Still. Constantly. Forever waiting for things to make sense. My file, my presence, my reasons. Not everyday. Some days. Most days my heart is at peace and I accept my place without understanding others'. I accept what I offer, what I take, what I have taken. I take from you. But you take more, much more than I have to offer and sometimes I grow afraid of this constant dipping from my well. Little hands splashing water, larger hands cupping water out, grabbing handfuls from my pond, my limited supply. Yet every time I feel empty I know I will fill up again. Nourished to nourish. Waiting for brightness. Waiting for the morning.

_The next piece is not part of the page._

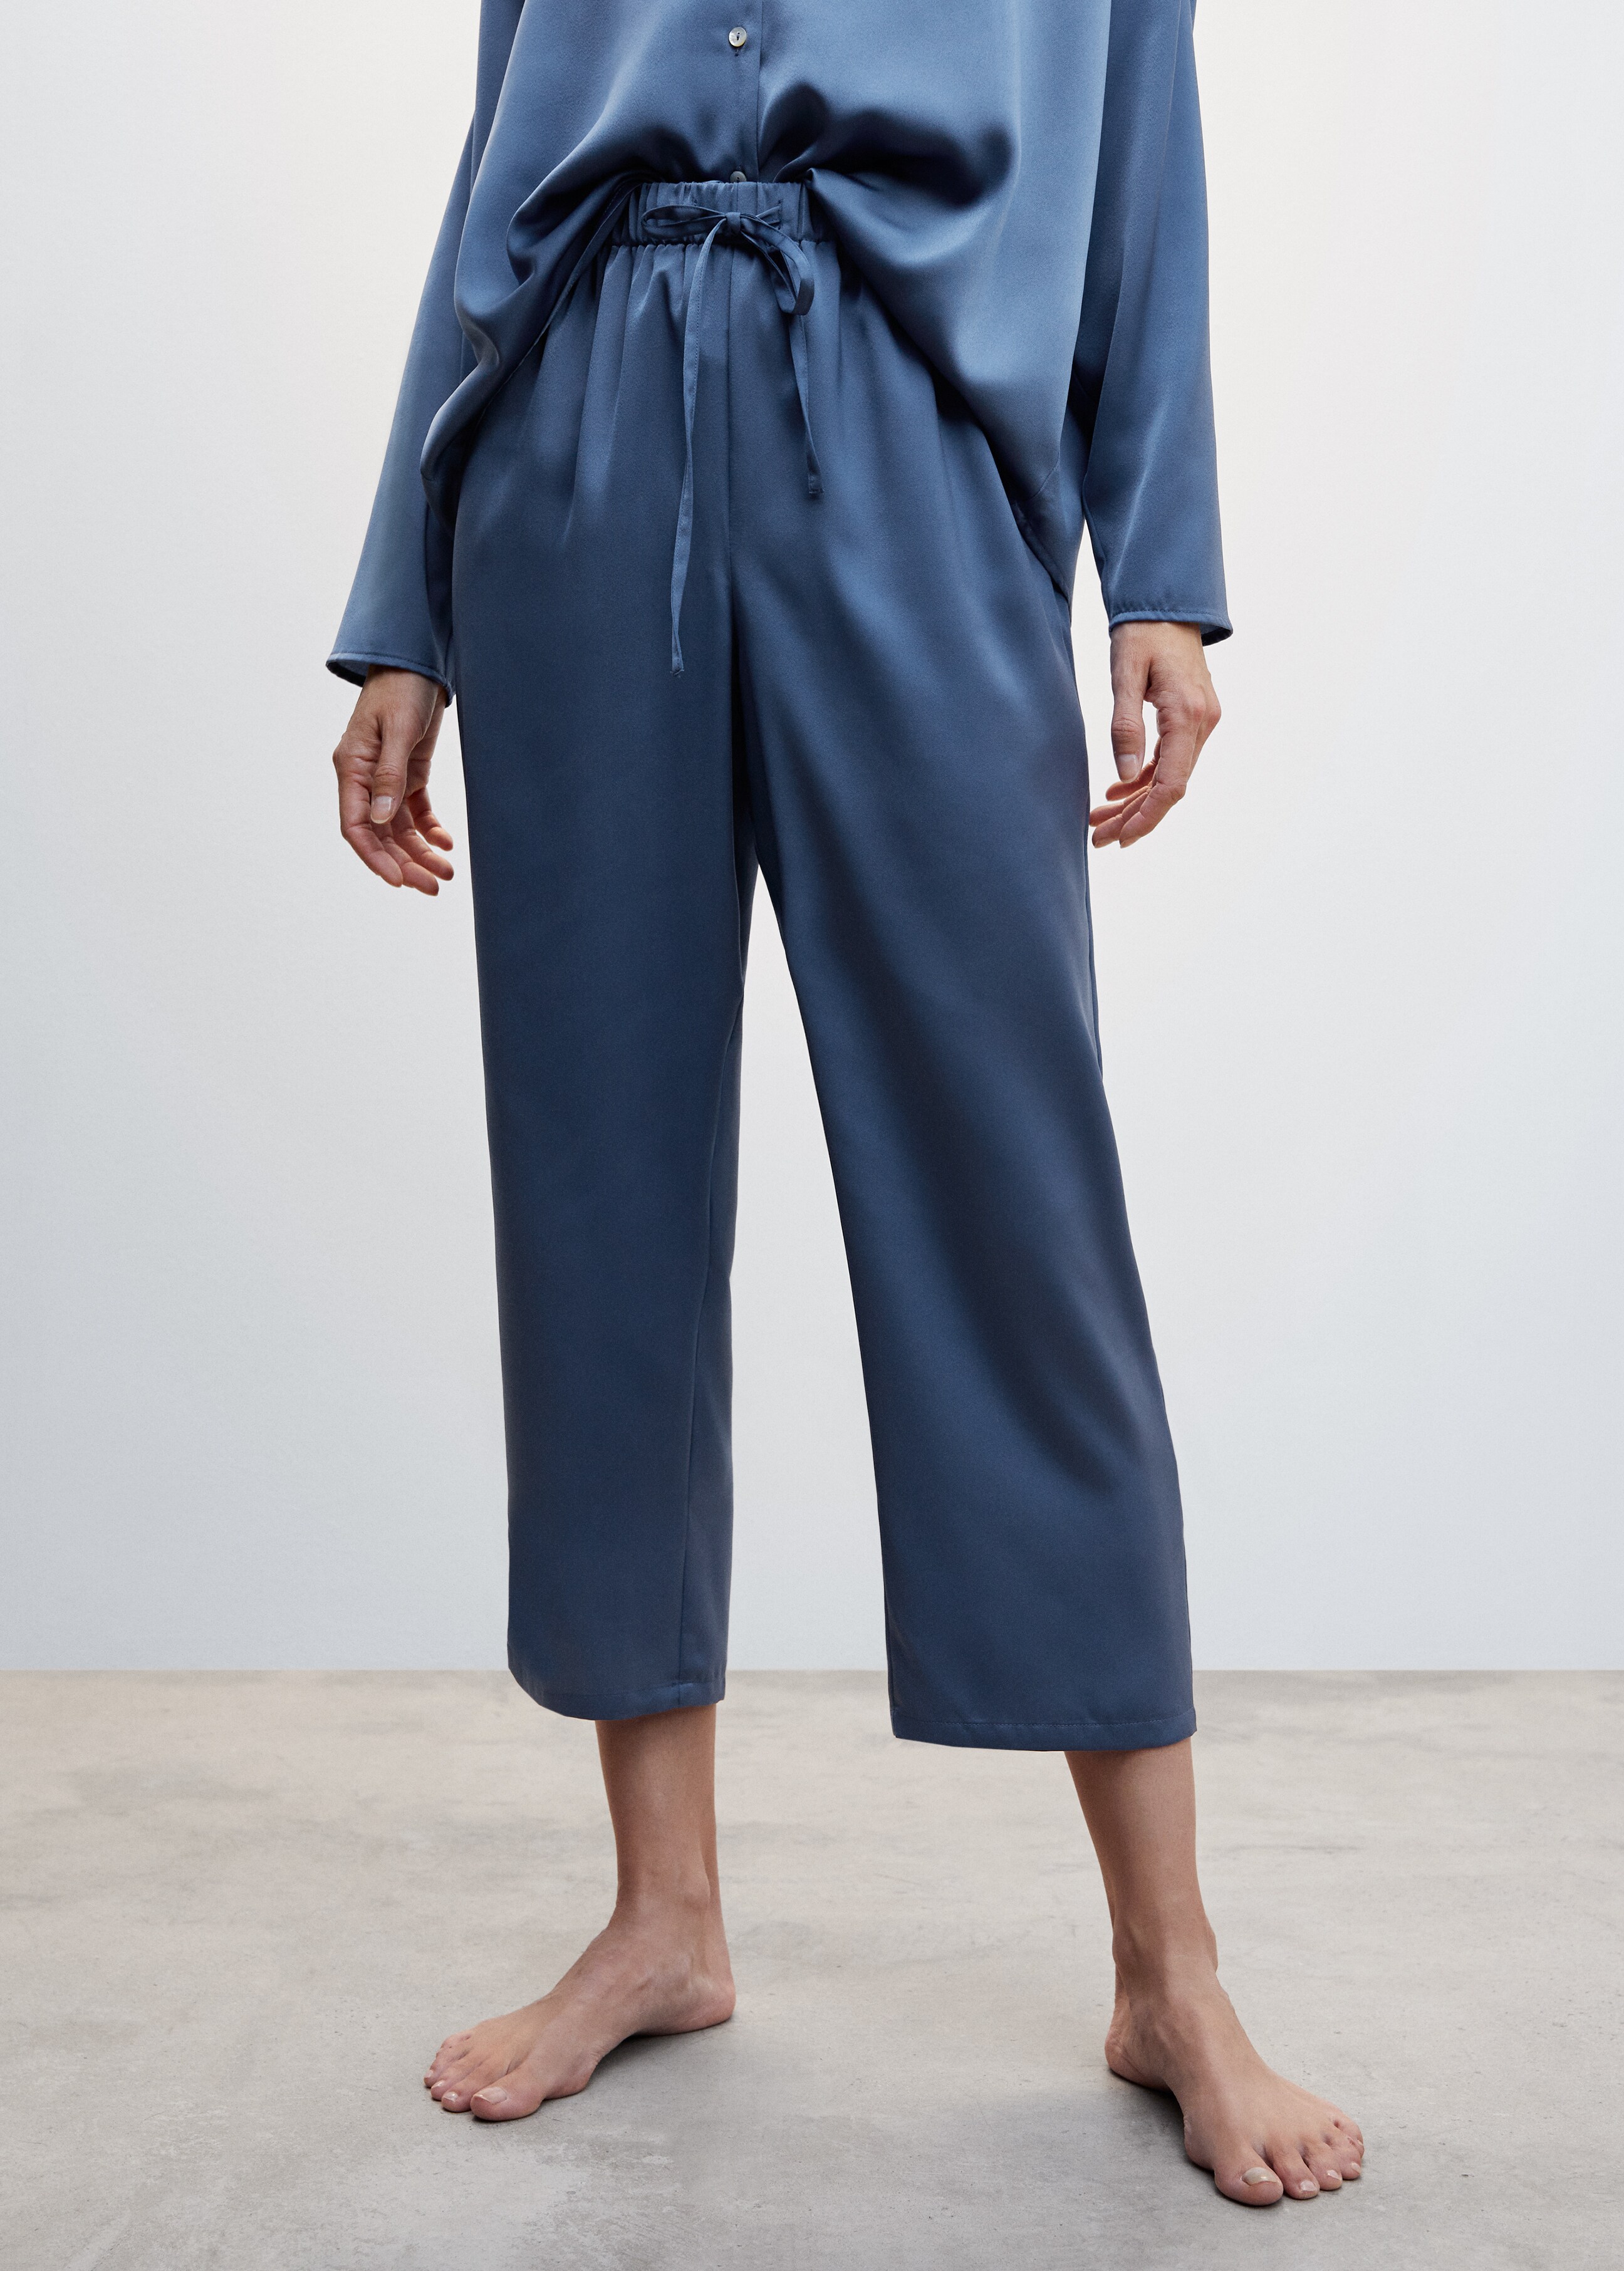 Satin pyjama trousers - Details of the article 1

New beginnings. Old endings. Old wounds. Waiting to heal. Waiting to be whole. "I will always be a son without a father," he said. "No matter what I do." Early trauma is unforgettable, we learn to deal with it but we can never mould ourselves into a different shape, a perfect shape. There is always going to be this protruding imperfection sticking out of what we thought could be a smooth surface. We sand it down, smooth it over, but it's no good. We are imperfect. Forever imperfect. But I could look at it differently. I could consider my imperfections as a positive. Something that gives me the extra edge to understand the world better, see it from a different angle. A different truth.
Waiting
Waiting
Waiting
Waiting to die.
Waiting to leave.
Take me with you.
Where did you go?
Why are you back?
Can you hear me?
I’ve reached the time of life when waiting time has become deeply meaningful. I wonder how long I’ve got before my waiting time expires? Realistically, I know that the final moment is not far off, but my impatient Western mind is irritated by the indefinite nature of the waiting that must be tolerated. Waiting for someone late for an appointment creates anxiety and self doubt. Waiting for a kettle to boil seems to take forever - but we haven’t got forever. I can’t imagine the feelings of parents waiting for their unborn child’s arrival into the world. Can it be equated with those anticipating the end of their time of waiting?